---- Raw data

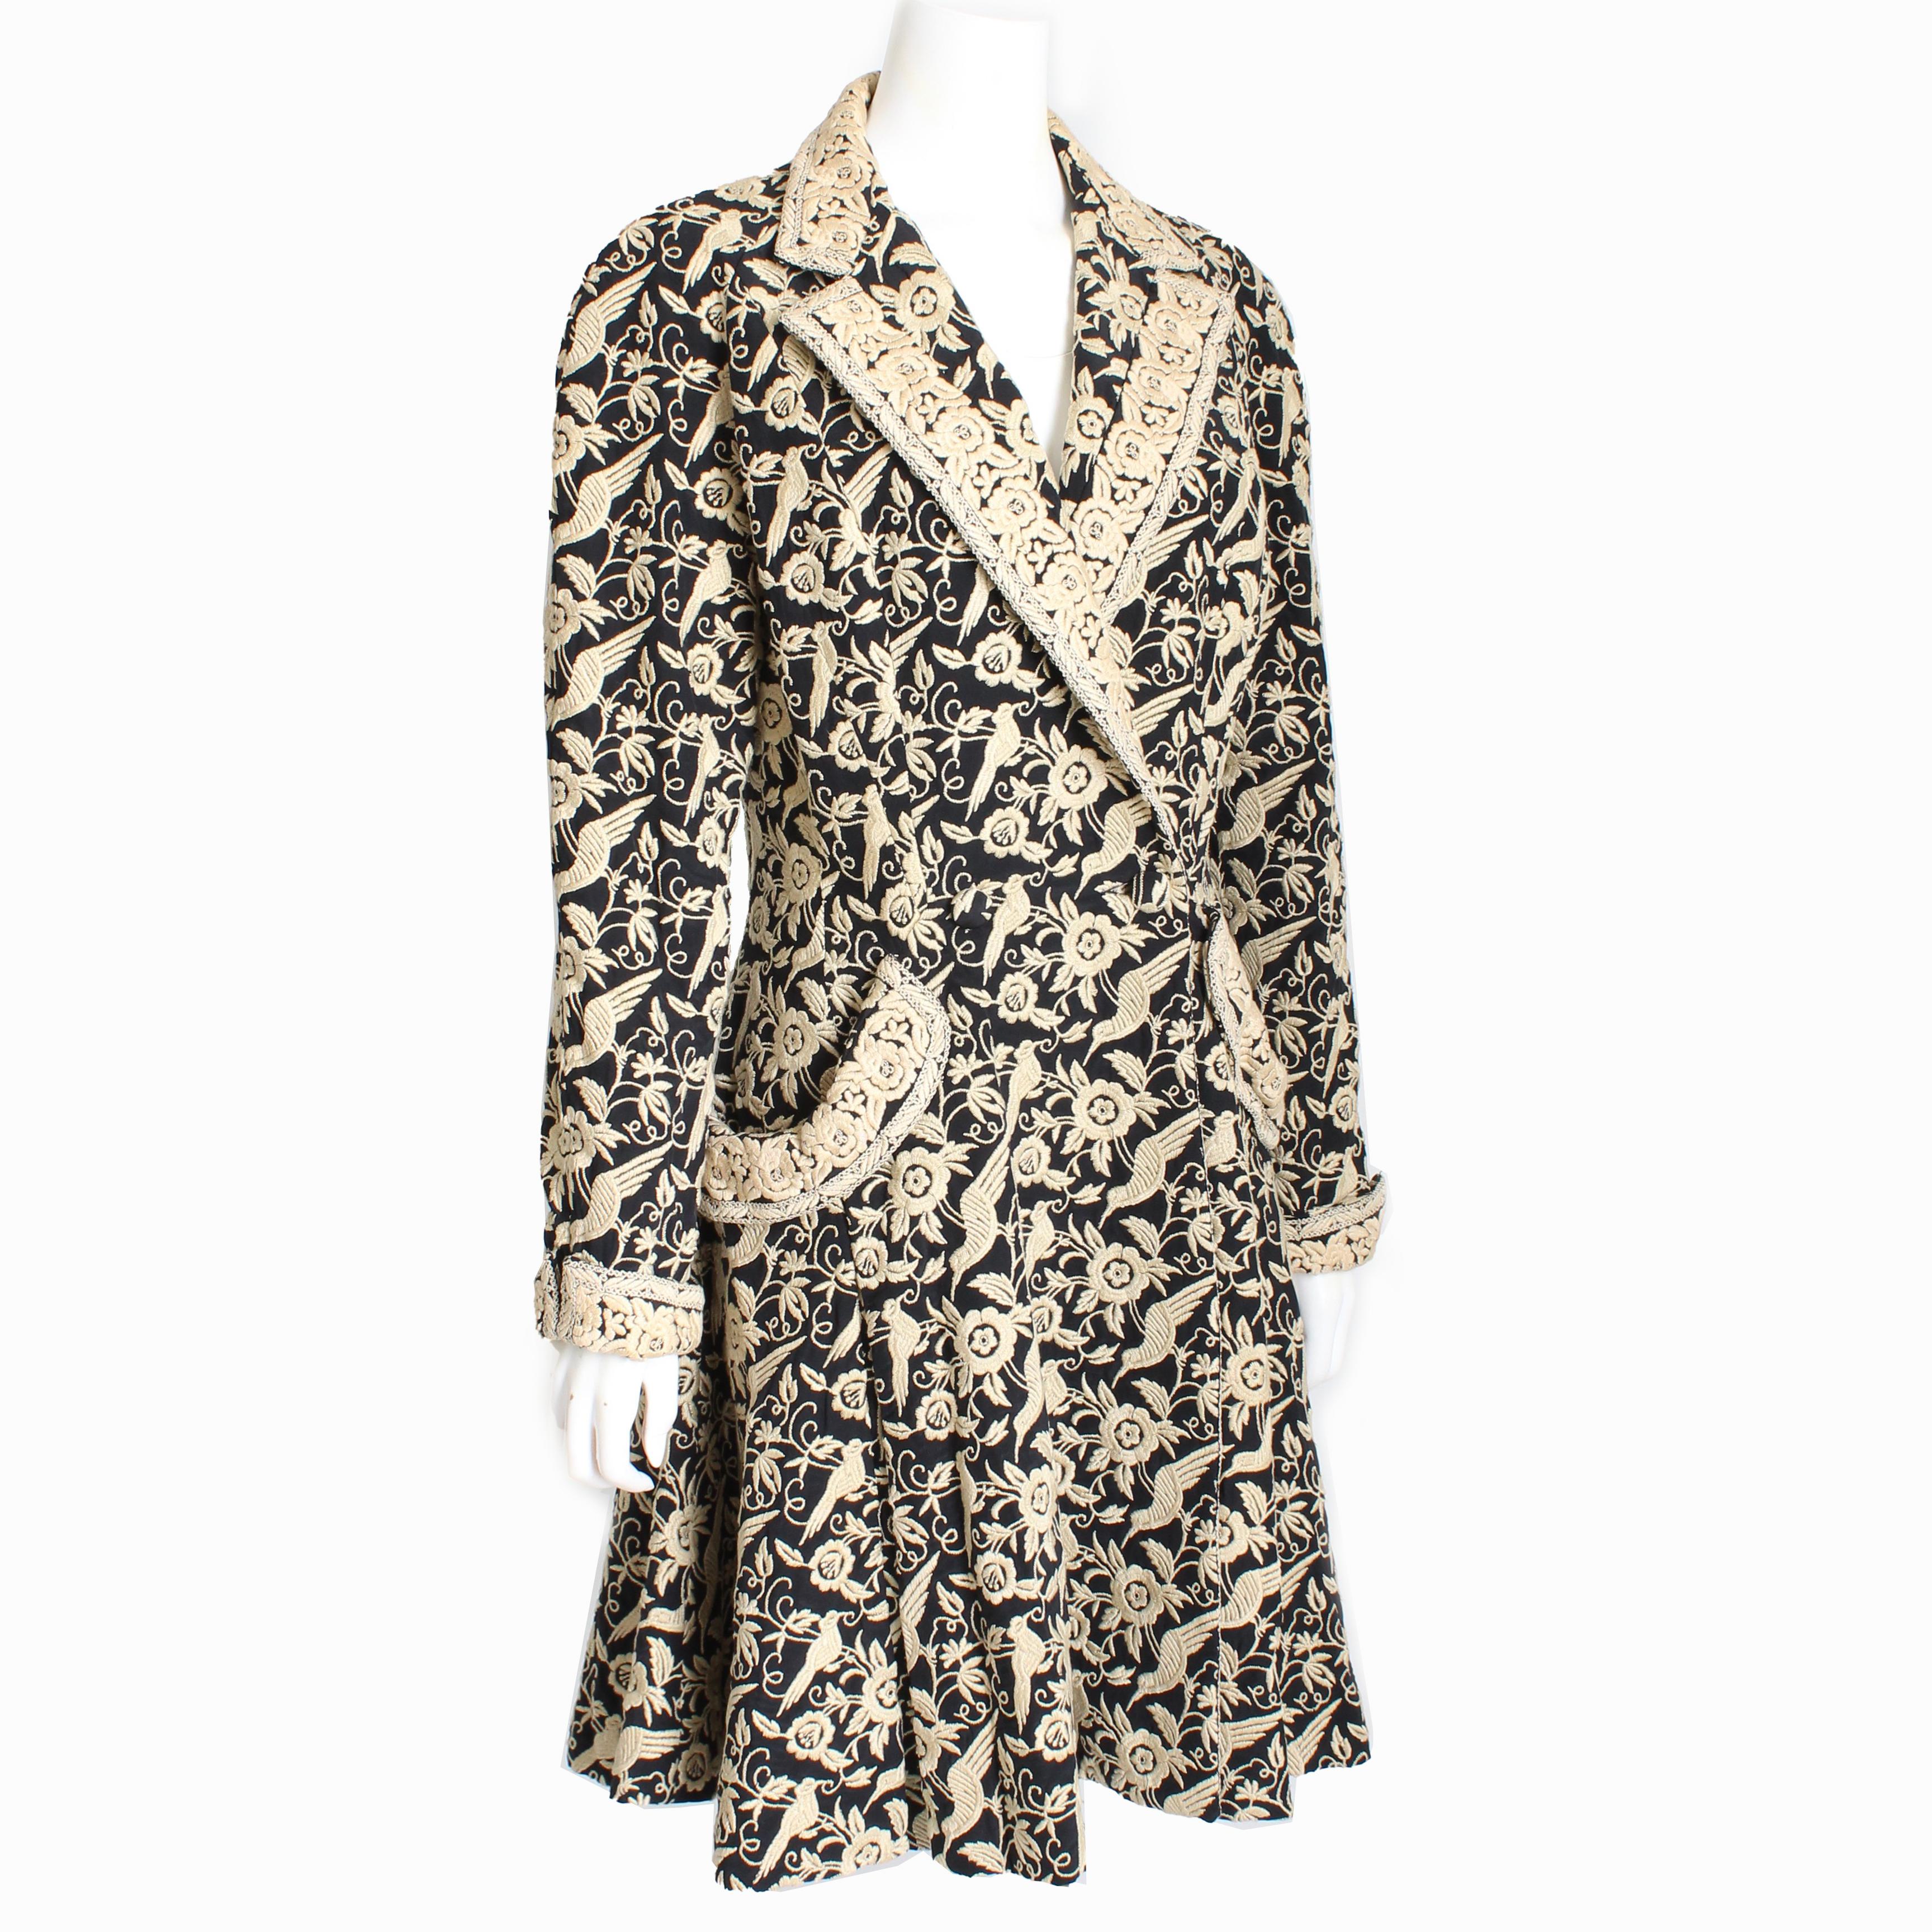 Gebrauchter Vintage-Mantel im Prinzessinnen-Stil von Norma Kamali, wahrscheinlich aus den frühen 90ern.  Es ist aus schwarzer Seide gefertigt und mit einem Muster aus Vögeln und Blumen bestickt, mit
Ärmel mit Manschetten und übergroße Taschen.  Er
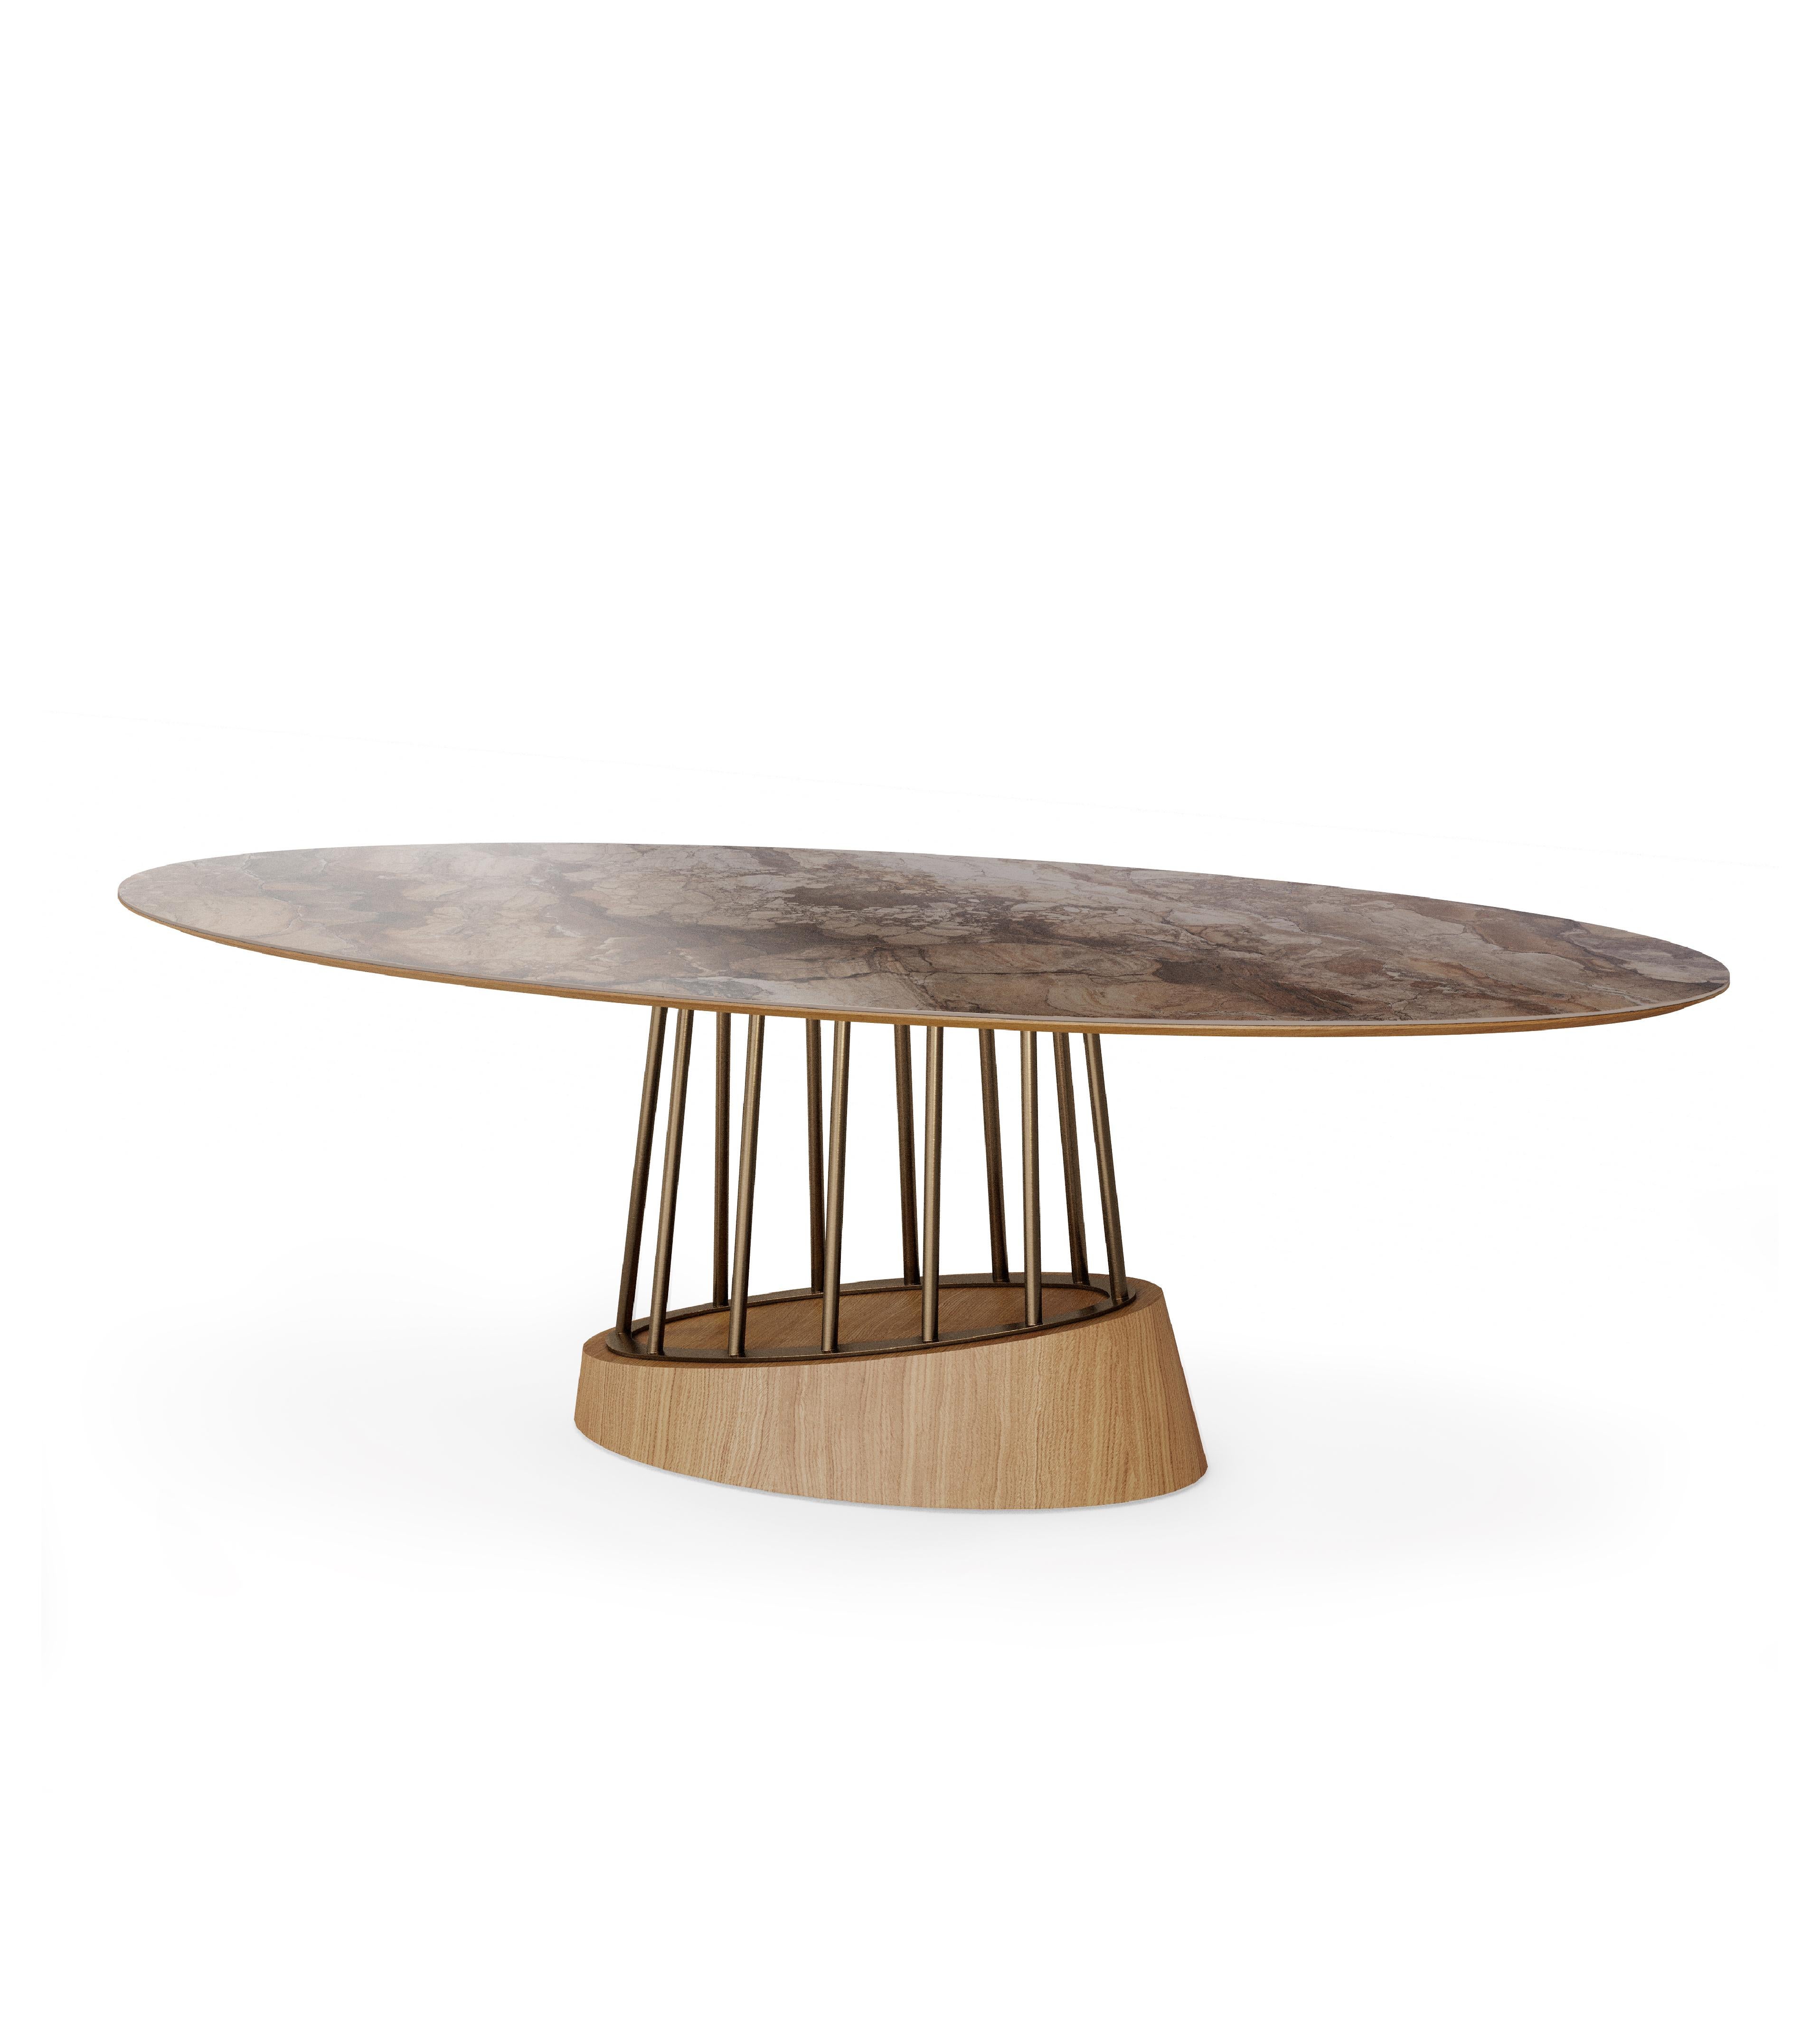 Soleil est une table de salle à manger extravagante au design contemporain. Cette table de salle à manger présente une combinaison de bois, d'acier inoxydable et de céramique.

--------

— What needs to be done —
Nothing but the pictures may be dropped as you repeat the listing above exactly.

— Output of the exercise —
 Gebrauchter Vintage-Mantel im Prinzessinnen-Stil von Norma Kamali, wahrscheinlich aus den frühen 90ern.  Es ist aus schwarzer Seide gefertigt und mit einem Muster aus Vögeln und Blumen bestickt, mit
Ärmel mit Manschetten und übergroße Taschen.  Er
 Soleil est une table de salle à manger extravagante au design contemporain. Cette table de salle à manger présente une combinaison de bois, d'acier inoxydable et de céramique.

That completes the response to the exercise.